**YOUR GOAL**.
Each line of the material should be set down exactly. Pictures are not part of the copy.

DATASET EXCERPT Block Start

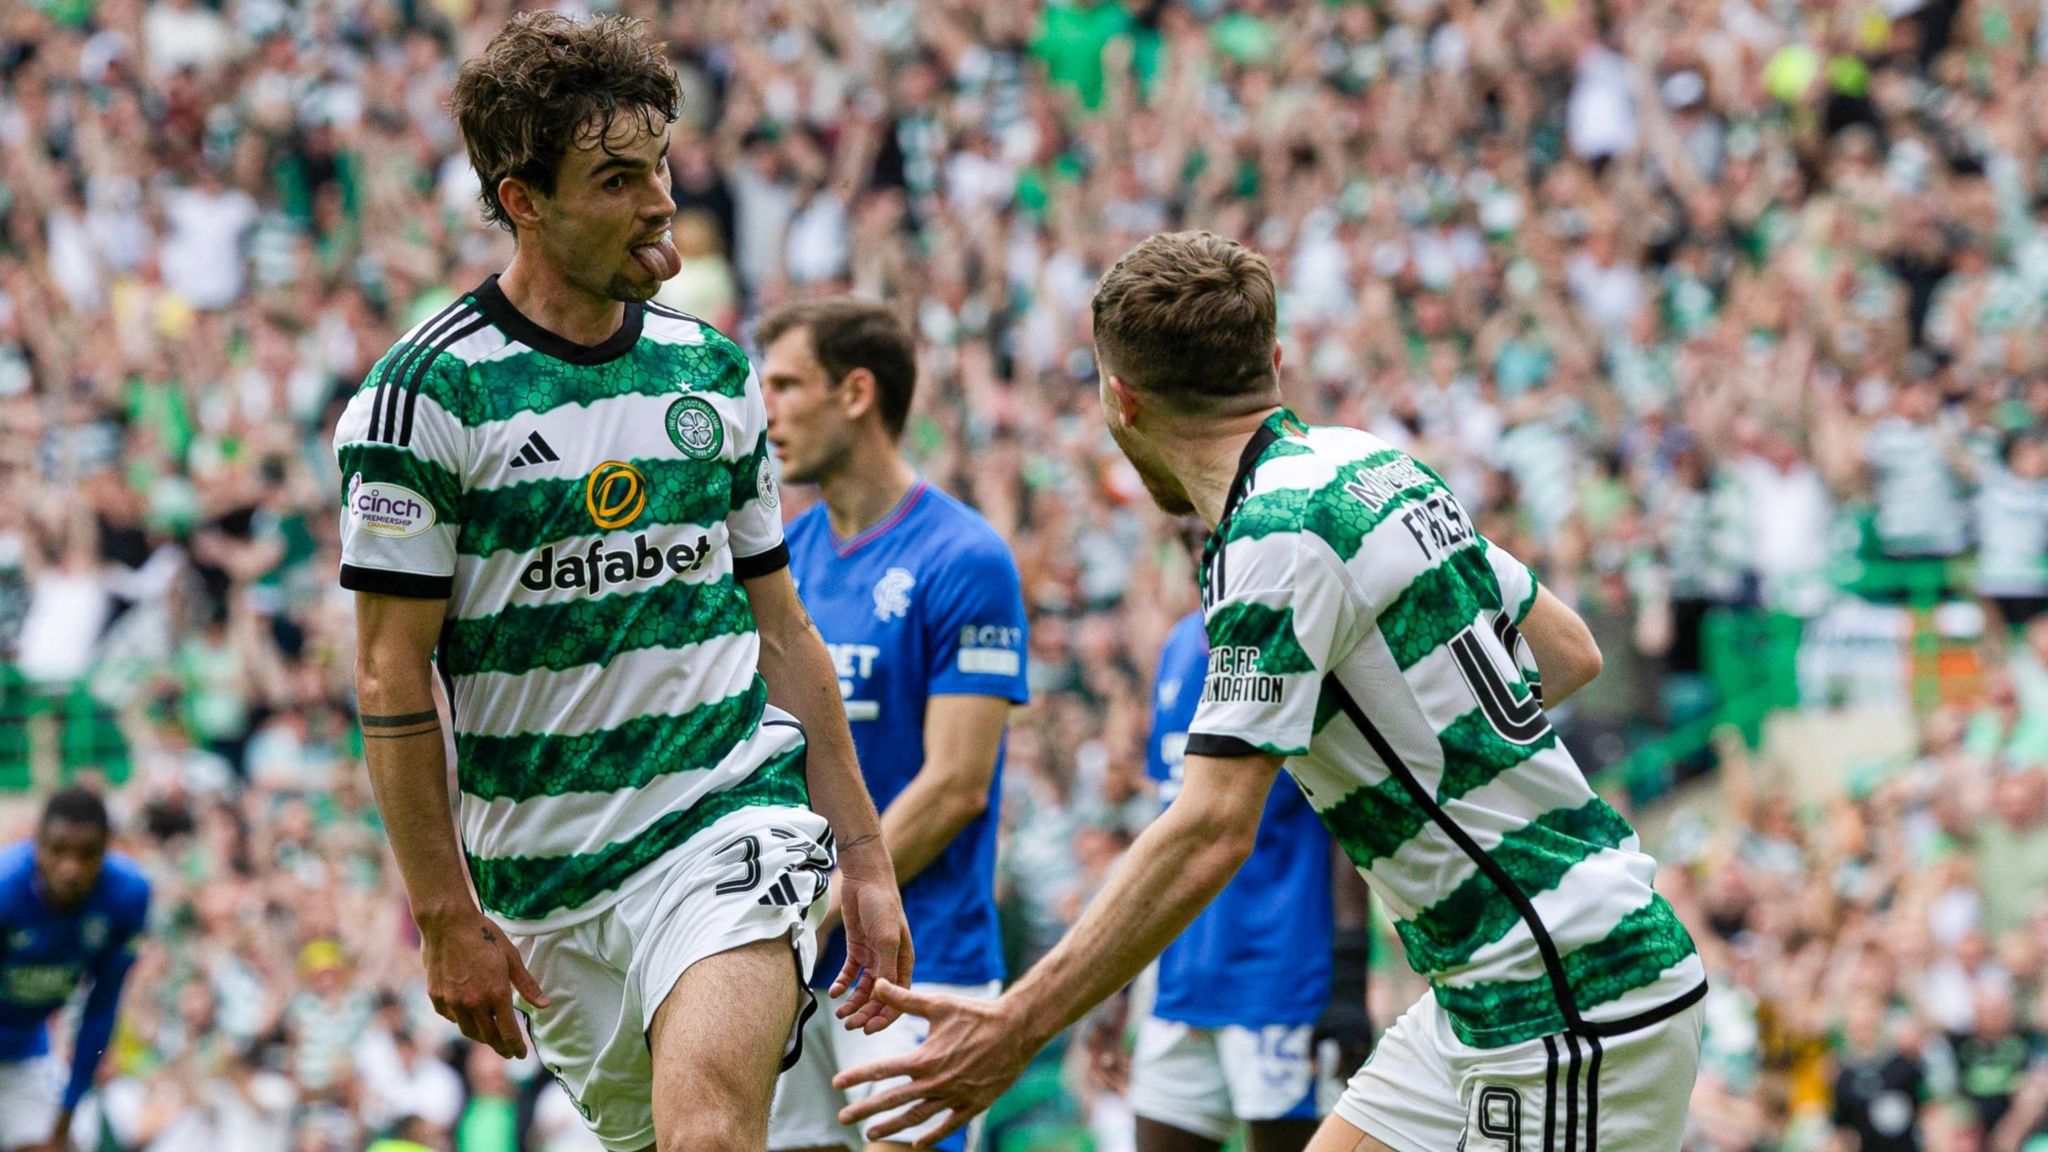 Celtic Raih Kemenangan Dramatis di Final Piala Skotlandia
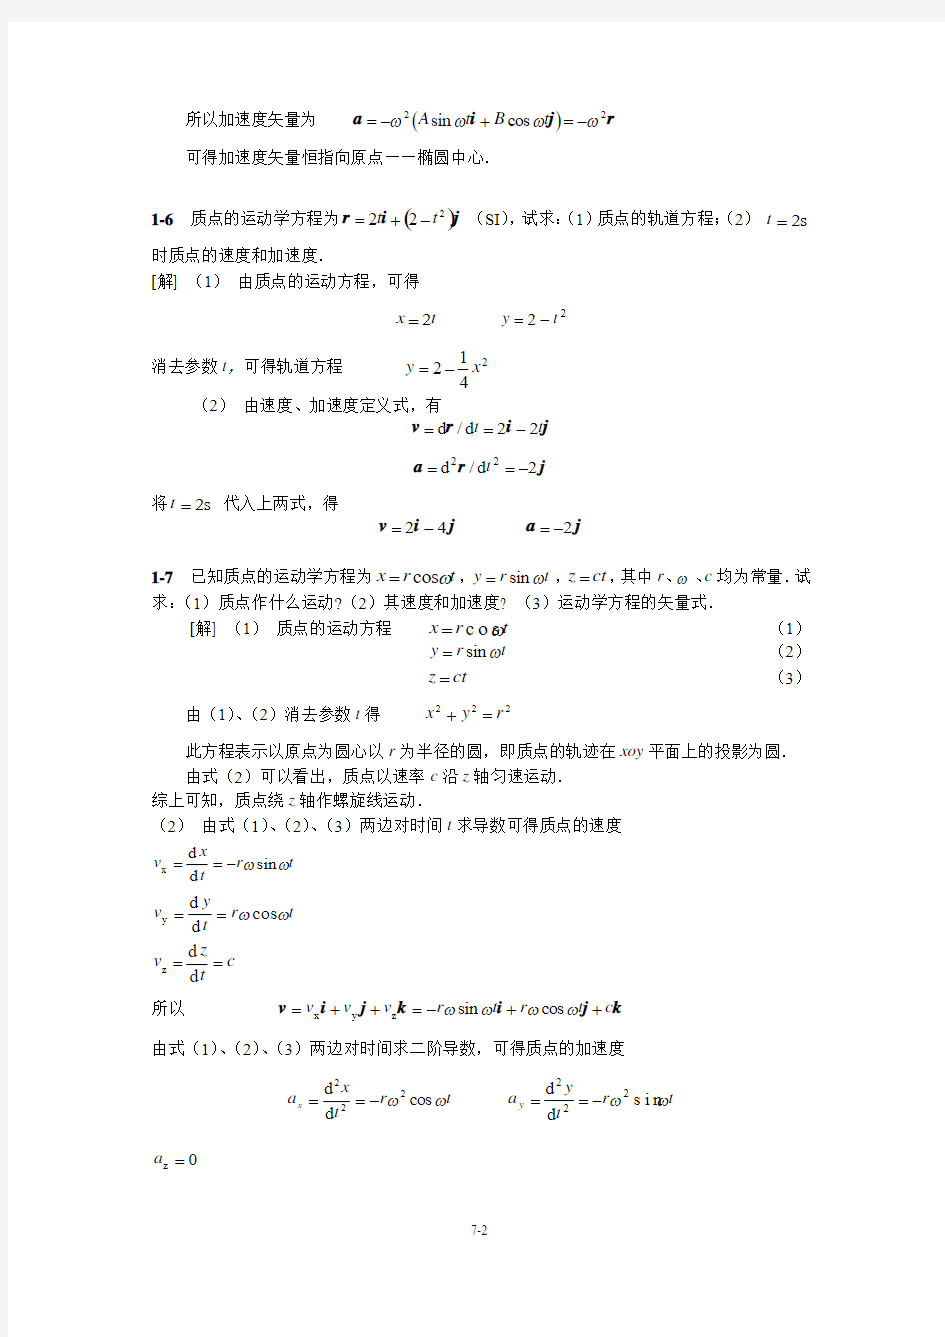 中国石油大学(华东)  大学物理2-1 课后习题答案
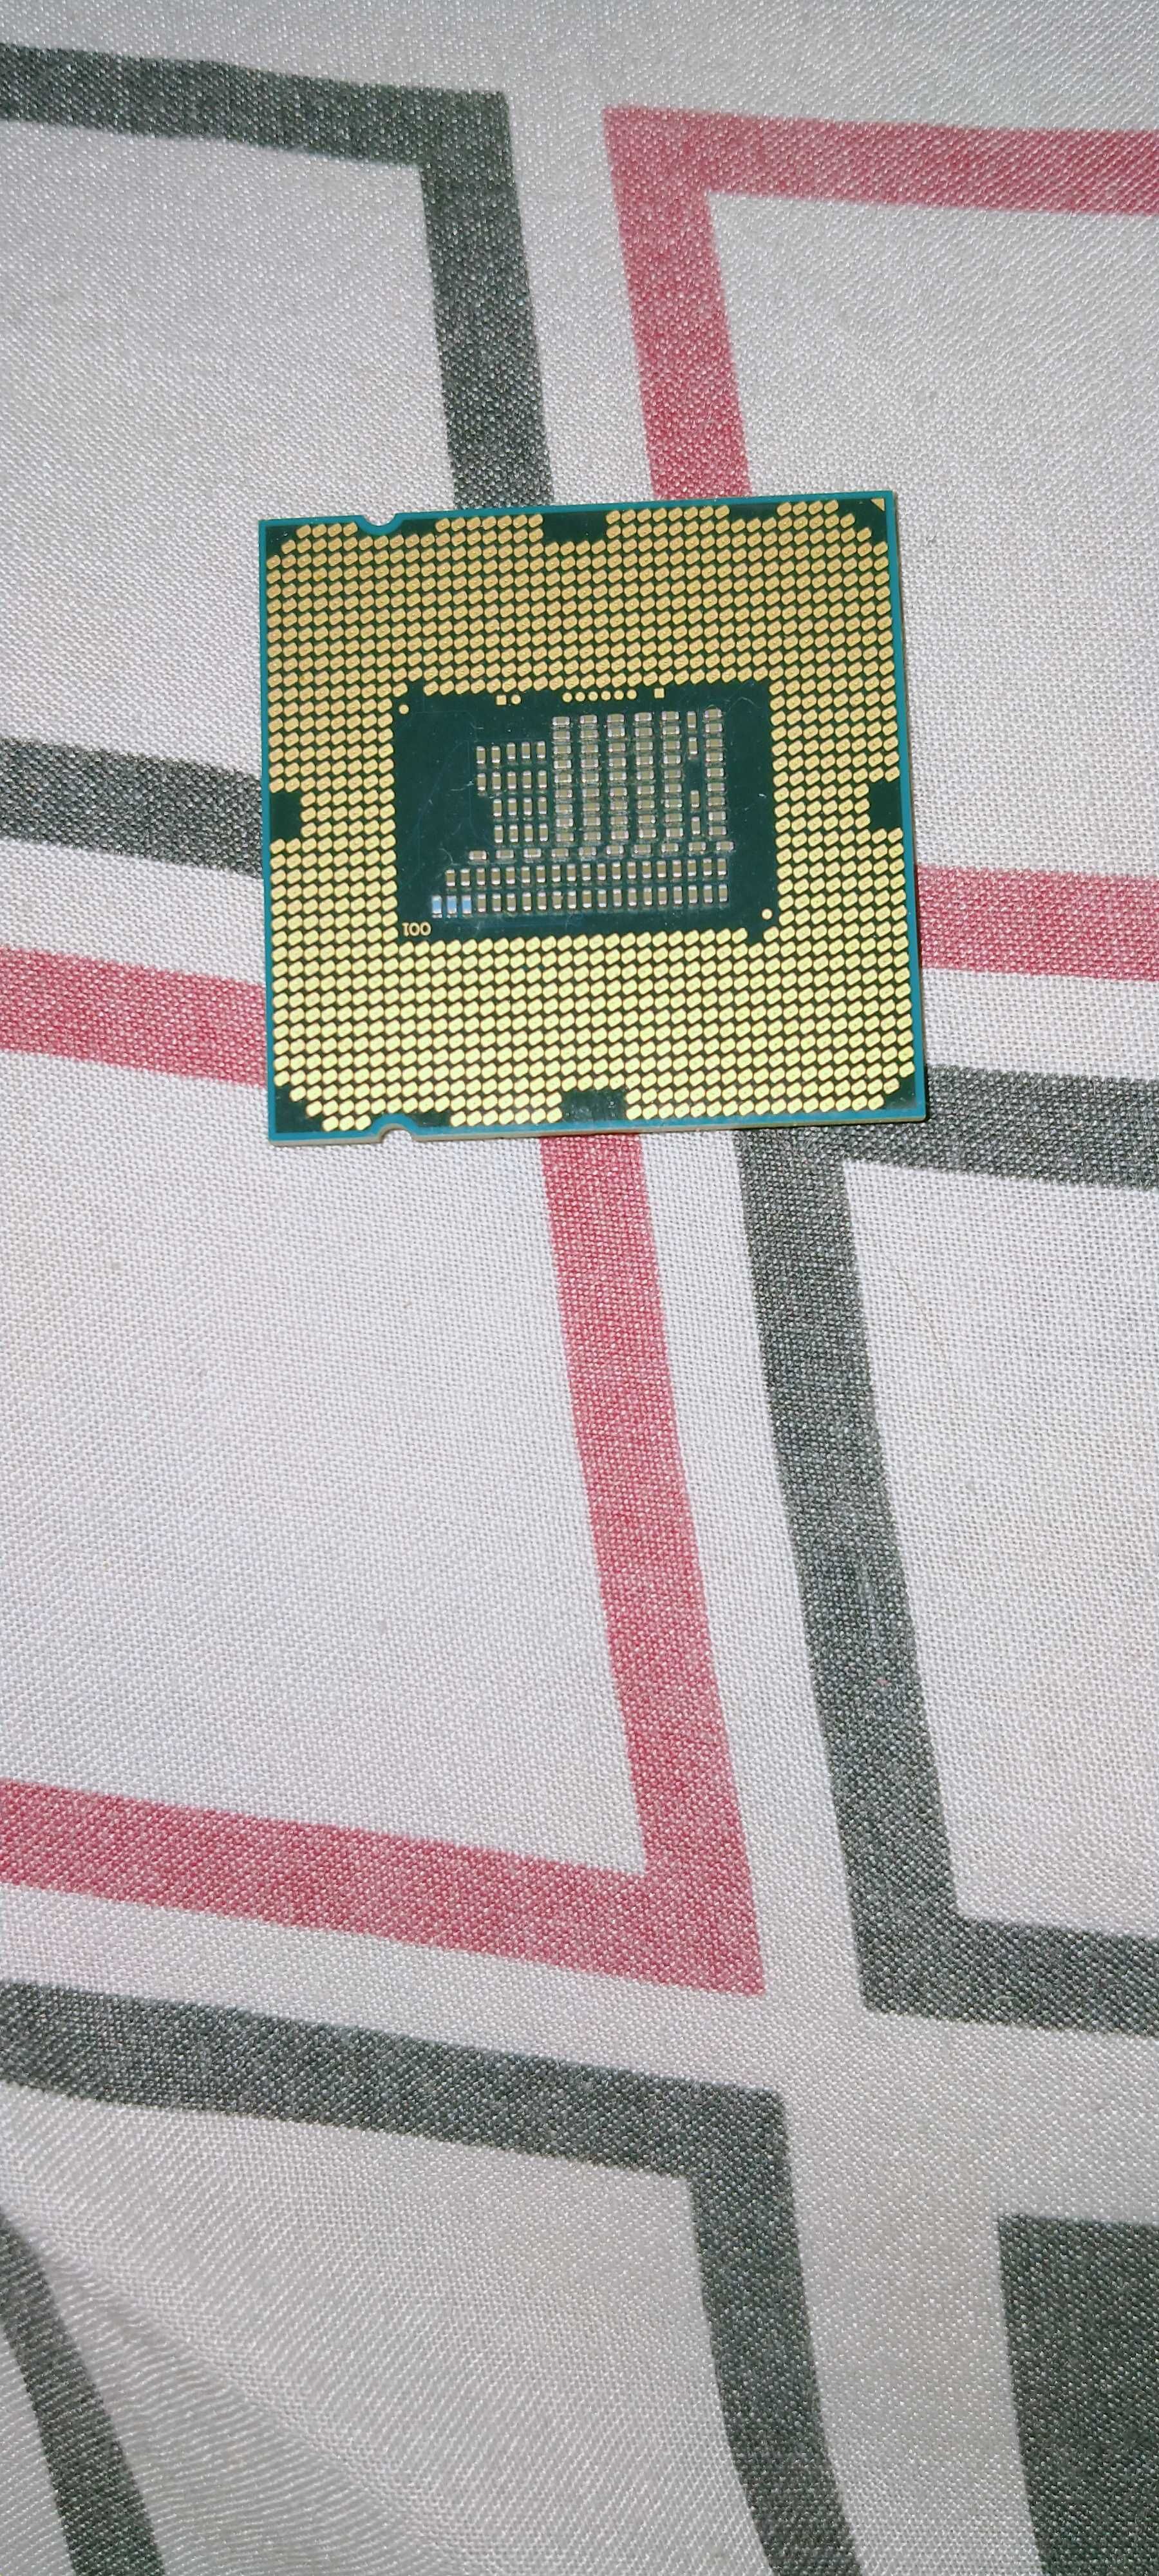 Процессор intel core

DATASET EXCERPT Block End

**FINISHED TASK**.
 Celtic Raih Kemenangan Dramatis di Final Piala Skotlandia
 中国石油大学(华东)  大学物理2-1 课后习题答案
 Процессор intel core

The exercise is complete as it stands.